I have considered the application and the supporting affidavit, the replying affidavit and the rival submissions and do find that the plaintiff claims that the defendant did not comply with the pre-requisite procedure of serving notice as required by law.  That the statutory notice was not served as required by section 90 of the Land Act.  Moreover, that the 45 days’ redemption notice was not served.  Paragraphs 7-11 of the replying affidavit sworn by Joseph Barngetuny explains the process of service.  J.B.2(b) is the annexture depicting the statement of account No. [particulars withheld]between the 1. 11. 2013 to 26. 01. 2016. Moreover, the statement of account No. [particulars withheld] for Glory Chemists indicated on the loan was in arrears. I do find that it has been demonstrated that the plaintiff was in arrears of loan repayment

The statutory notice under Section 90(1), (2), (3) of the Land Act, 2012, Laws of Kenya dated 29. 1.2015 is alleged as having been sent by registered mails.  I have seen a list of registered postal parcels registered and ordinary parcels posted by Kenya Commercial Bank Ltd on 10. 2.2015 Parcel No. 6015 was sent to Kiprono Tanui of P. O. Box 2132 – 30100, Eldoret, where Kshs.85 was paid.  Parcel No. 6016 was sent to David Tanui. The respondent has also attached various correspondences indicating that the plaintiff was aware of the arrears.
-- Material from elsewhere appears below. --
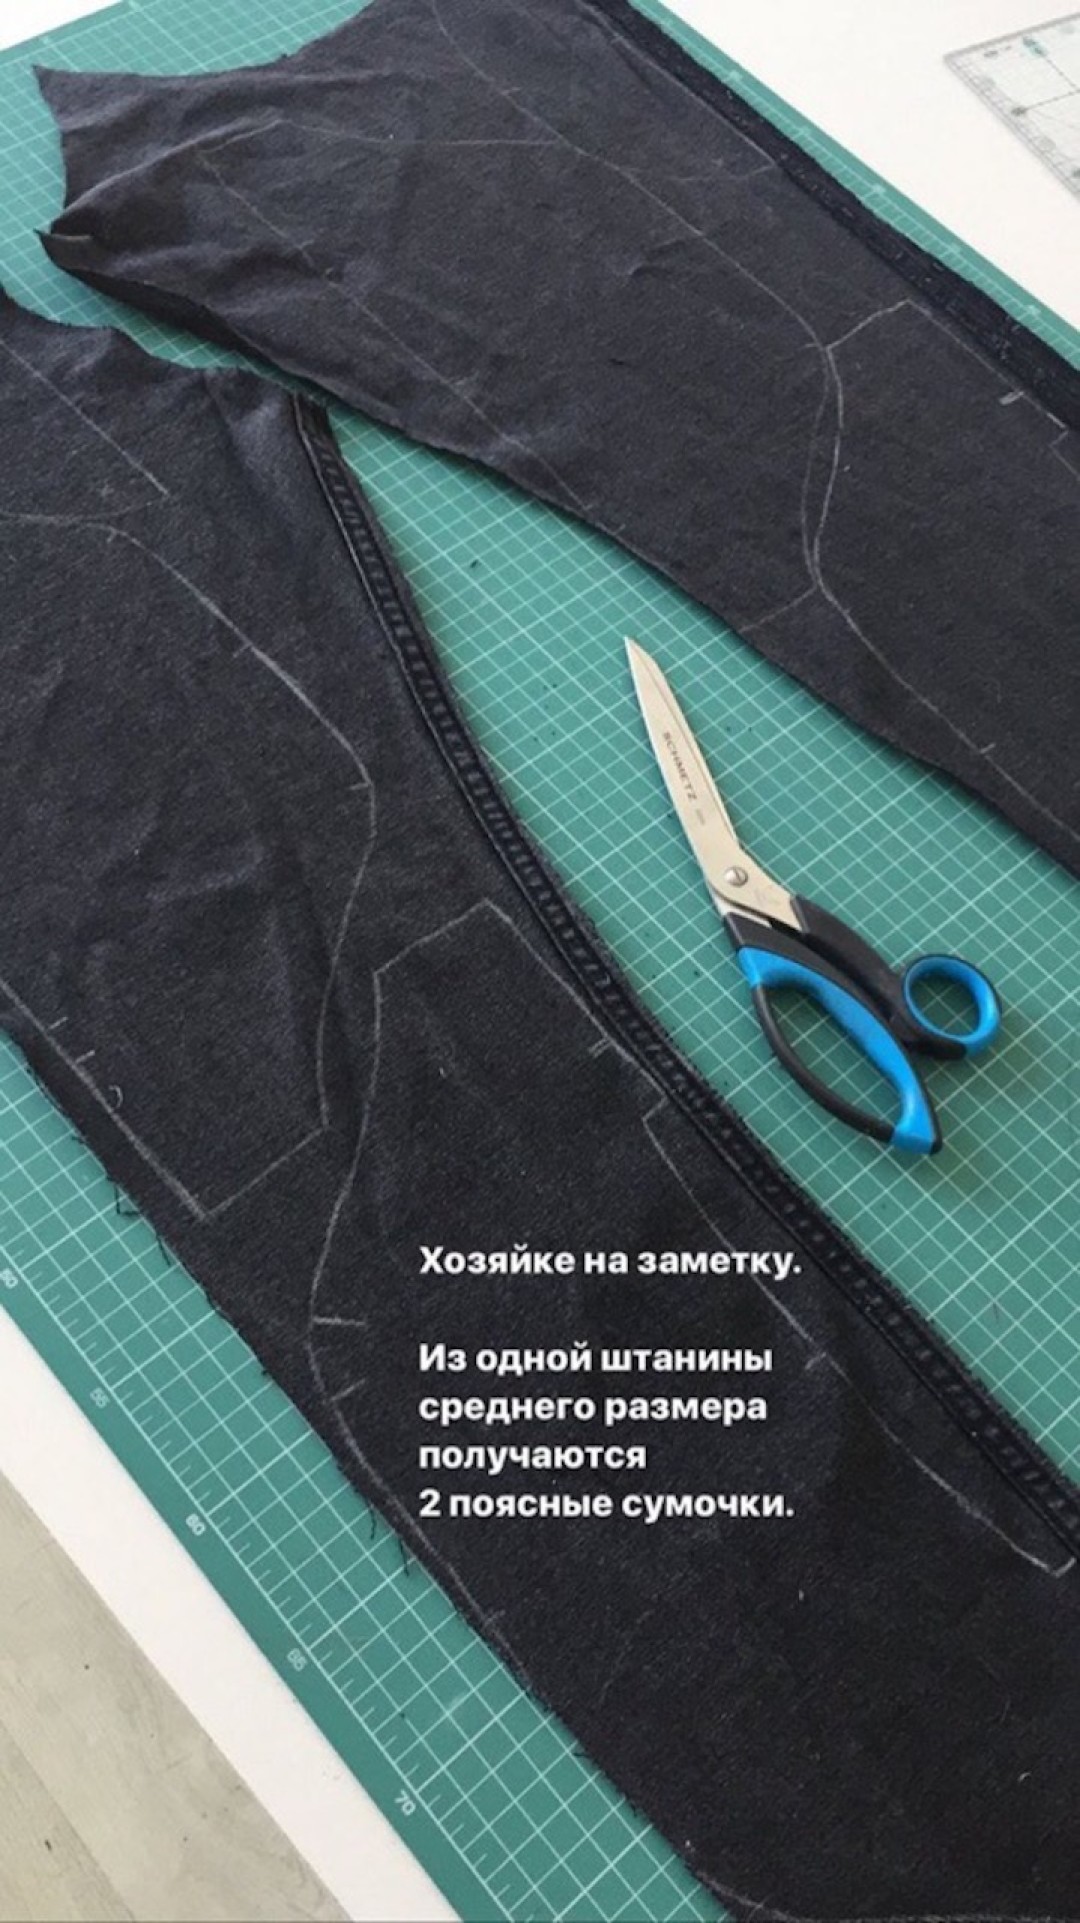 В Петербурге появился проект, который сделает сумку из вашей старой одежды (фото 1)

On the issue of the 45 days’ redemption notice, I have looked at the certificate of service sworn before Nancy Njoroge, Advocate and Commissioner for Oaths and do find that the same satisfies evidence of service.  Though it is not referred to as affidavit of service, it is in adequate proof of service.

The grant of temporary injunction is discretion of the court.  The applicant must prove that he has a prima facie case with a likelihood of success.  In this matter, the plaintiff guaranteed the loan but has not demonstrated that the borrower is not in arrears, in fact he is not challenging the outstanding debt.  His case is that he was not properly notified, however, the defendant has satisfied this court that he sent notices as required by law to the plaintiff and borrower.  The upshot of the above is that the plaintiff has not satisfied the court as required by law that he has a prima facie case with likelihood of success.
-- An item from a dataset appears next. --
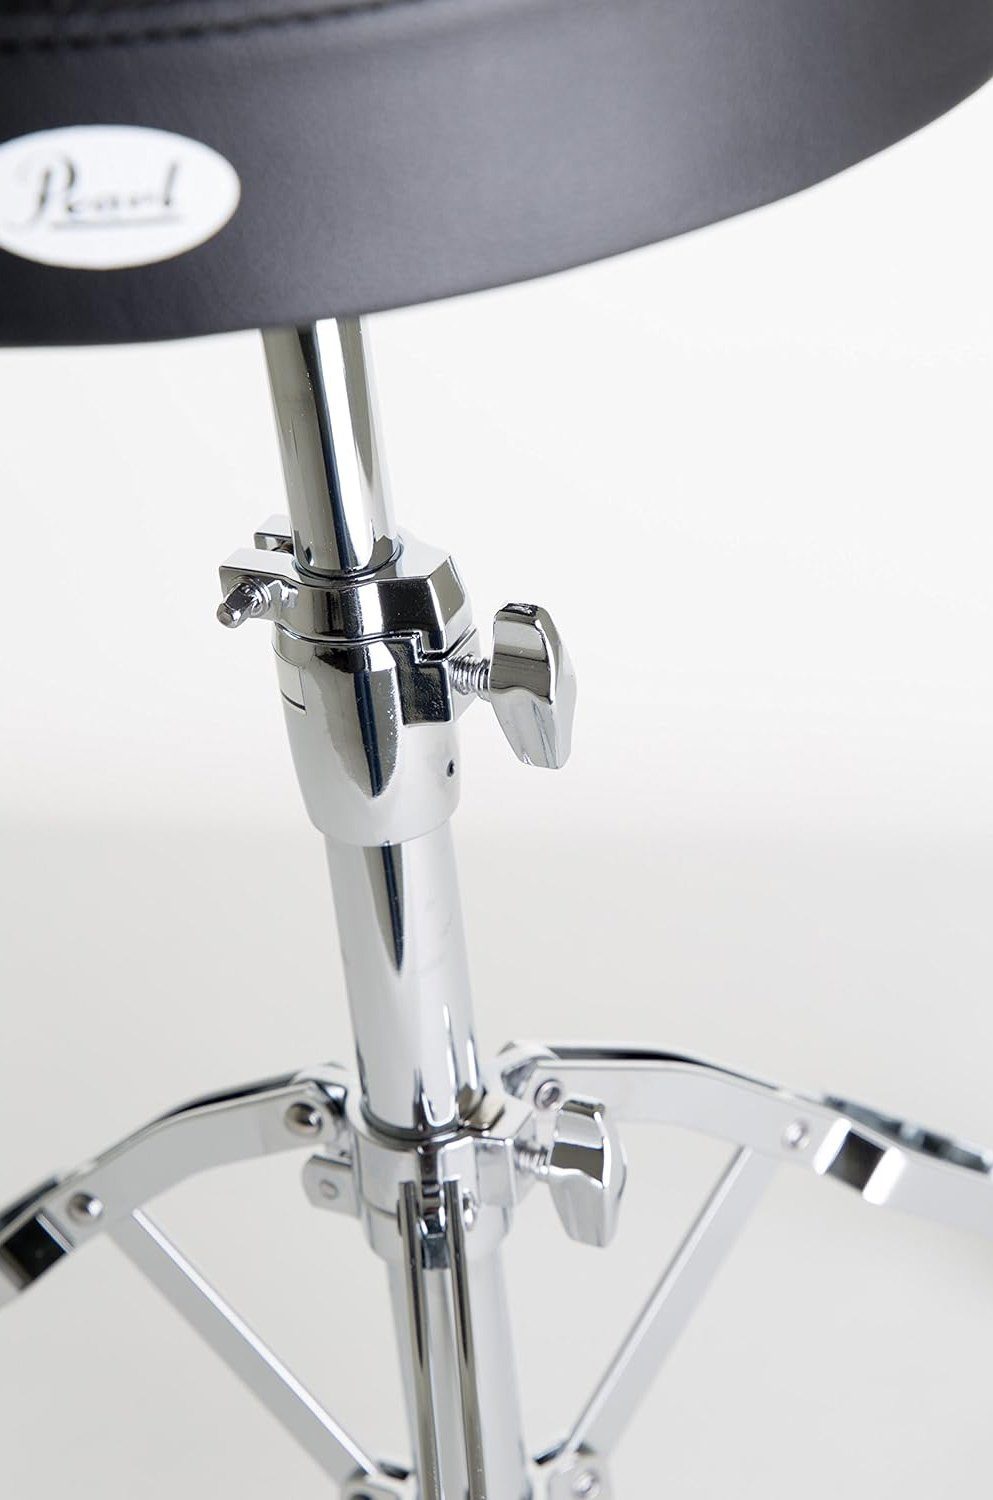 D-790 Pearl schwarz), Drums Höhenverstellbar Schlagzeughocker (Rundsitz,

The second test is whether the plaintiff is likely to suffer irreparable loss that cannot be compensated with damages.  This has not been demonstrated and therefore as the plaintiffs claim can be quantified in damages and the claim that he is old and therefore any sale of the property will greatly affect him does not form any basis for grant of a temporary injunction as he knew the consequences of using his property as security for a loan and therefore converting it into a commodity for sale. The application fails on this issue.

On balance of convenience, it tilts towards dismissing the application as the debt is likely to outstrip the value of the property and therefore the defendant is likely to suffer more.  Moreover, the plaintiff cannot have both the money and the property, he should choose one, either to pay the loan or lose the land through due process.  The application is dismissed with costs. Orders accordingly.

DATED AND DELIVERED AT ELDORET THIS 28TH DAY OF JUNE, 2017.